As the study explored how a small sample of candidates preparing for IELTS (with an overrepresentation of test veterans) engaged with written feedback using a case study approach, the findings are not generalizable. Additionally, the research was simplified for the manageability of data collection, analysis, and reporting by a single researcher. A prominent omission was participants’ cognitive engagement with FFWF, which was beyond the time constraints of the interviews, particularly as discussion of often-complex CFWF points proved time consuming. A further limitation stems from the multi-dimensional model of student engagement itself. While it has exhibited increasing acceptance among scholars in tertiary-level learning-to-write contexts (Yu et al., 2018; Yu & Jiang, 2020; Zheng et al., 2020), facets of the approach were not entirely well suited to exploring engagement in this context. These include the emphasis on surface-level issues (which comprise half of the Task 2 criteria), behavioral engagement operationalized predominantly as revision operations (since content changes influenced FFROs, especially deletions and removals, and revisions are uncommon in this context), and a lack of sophisticated schema for coding CFROs. Similarly, coding qualitative data as one particular dimension seemed reductive and compartmentalizing. It was not always possible to say for certain that a code was positioned within a single dimension, with the nebulous border between behavioral/cognitive engagement particularly problematic.

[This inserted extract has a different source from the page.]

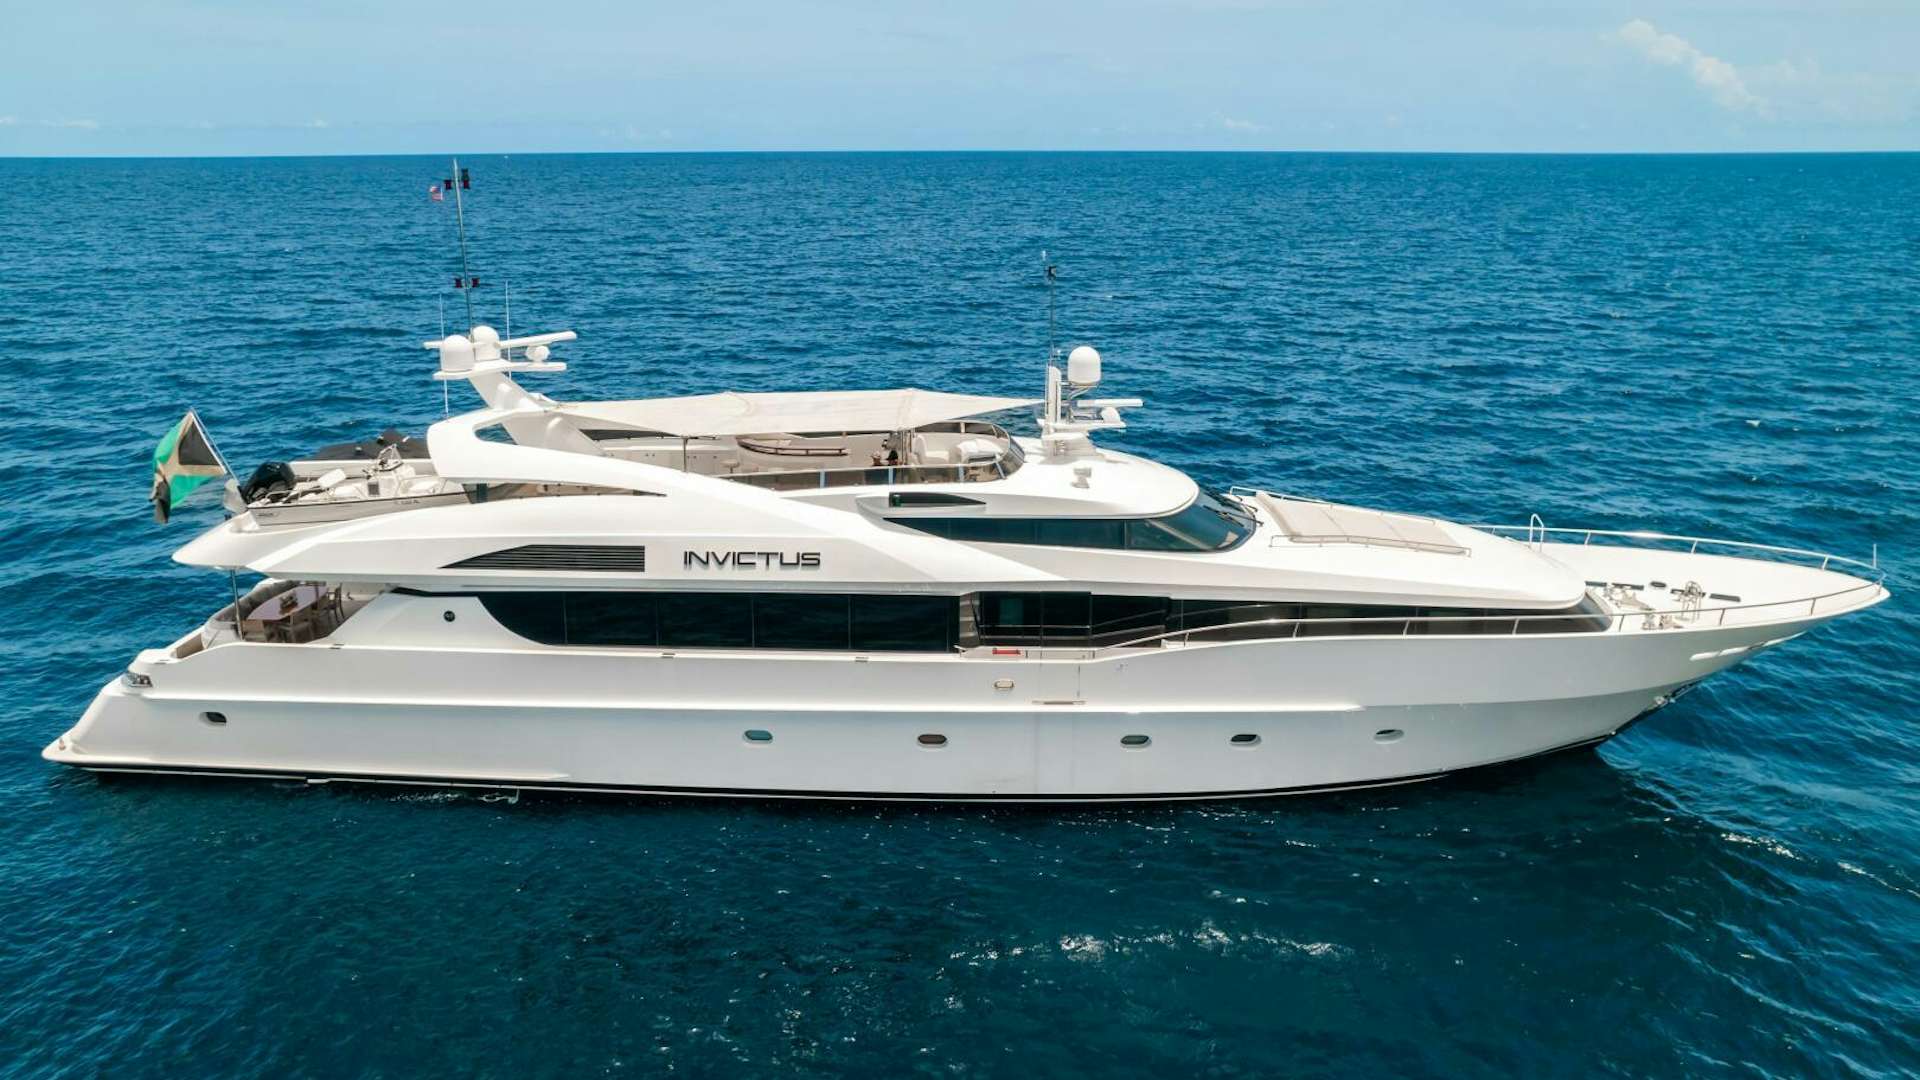 Watch Video for INVICTUS Yacht for Sale

The study found that, despite detailed written feedback that explained and exemplified performance at participants’ target band, student engagement was insufficient to bridge performance deficits across the project. Cognitively, the learners did not always understand the intentions behind comments or what actions to take to resolve problematic textual features within how the task is assessed (Conrad & Goldstein, 1999; Hyland, 1998). Behaviorally, despite successful error resolutions across drafts, meaningful improvements in lexicogrammatical accuracy were not apparent, while notable content changes between drafts meant many errors went uncorrected. Processing WF tended to be at the surface-level (Yu et al., 2018; Zheng & Yu, 2018), accompanied by a lack of buy-in to making content-focused revisions in the early stages of the project and a tendency to omit faulty content rather than meaningfully address it. Affectively, the WF was highly valued and deemed confidence building (Chappell et al., 2019; Yang & Badger, 2015), contributing an activating effect (Pekrun, 2006). Nevertheless, underperformance accompanied by comprehensive, unfocused WF information resulted in two learners feeling anxious, frustrated, and sometimes overwhelmed, although the pressure to meet their IELTS goals mitigated the propensity of WF in these settings to be deactivating.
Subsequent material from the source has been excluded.